With the permission from West Liberty coaches and armed with good intentions, Solon Coach Kevin Miller did exactly that and talked to the Comets reeling from an 0-2 start, including a tough 7-0 overtime home loss to the Spartans last Friday.
“I just wanted to commend them on the kind of effort and gutsy performance they displayed that evening,” Miller said. “I was impressed with how the kids responded after a loss to West Branch by competing at an extremely high level against us.”
Miller is a surefire Hall of Fame coach, winning 183 games in 21 total seasons including the last 176 and 18 at his alma mater. The act of sportsmanship is indicative of his coaching philosophy, emphasizing the intangibles that are associated with sports more than victories or titles.

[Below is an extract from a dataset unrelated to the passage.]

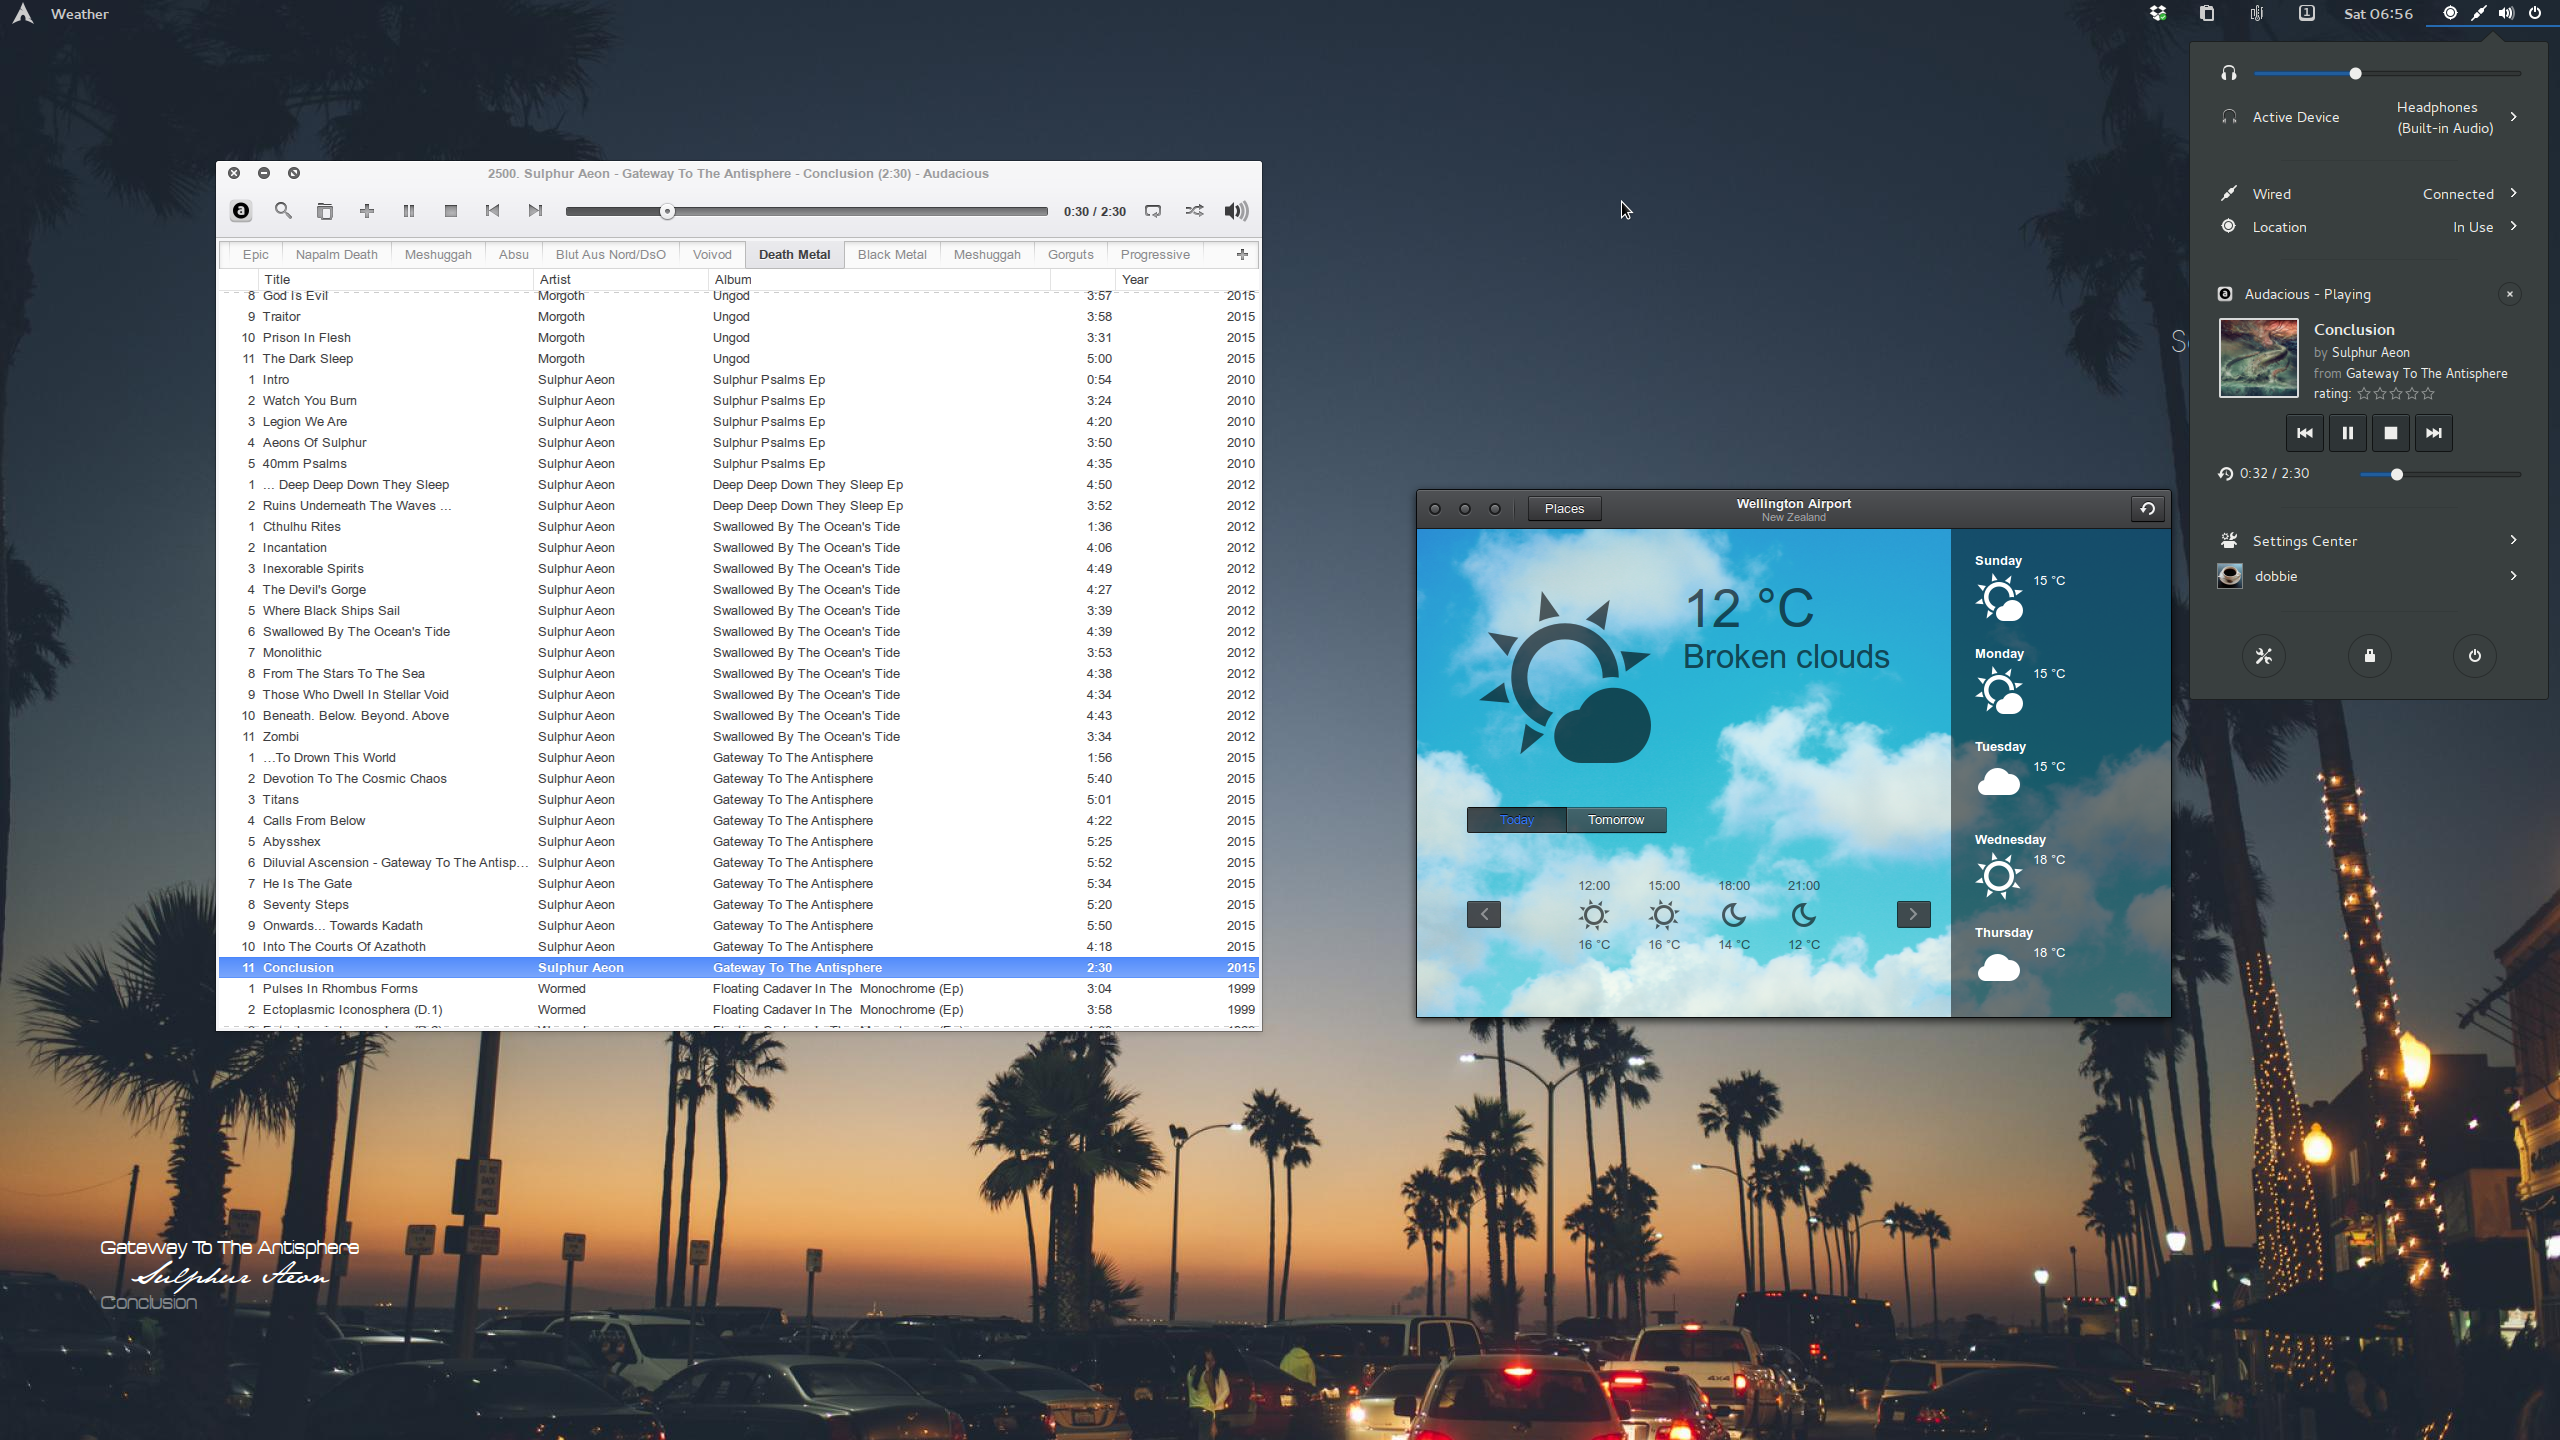 The Midsummer Night’s Desktop

Miller takes his role as a leader seriously, preferring to do it by example. Last Friday was a lesson many could learn from.
“I want to lead by example. I want to promote high school athletics and the life lessons that it teaches,” said Miller, who has led Solon to four state titles. “It has always been my motto. We’re not about winning games and championships. That’s never been our philosophy. We’re about developing young people and if my example and message can resonate not just with our athletes but a few other programs as well that’s the kind of legacy I want to leave.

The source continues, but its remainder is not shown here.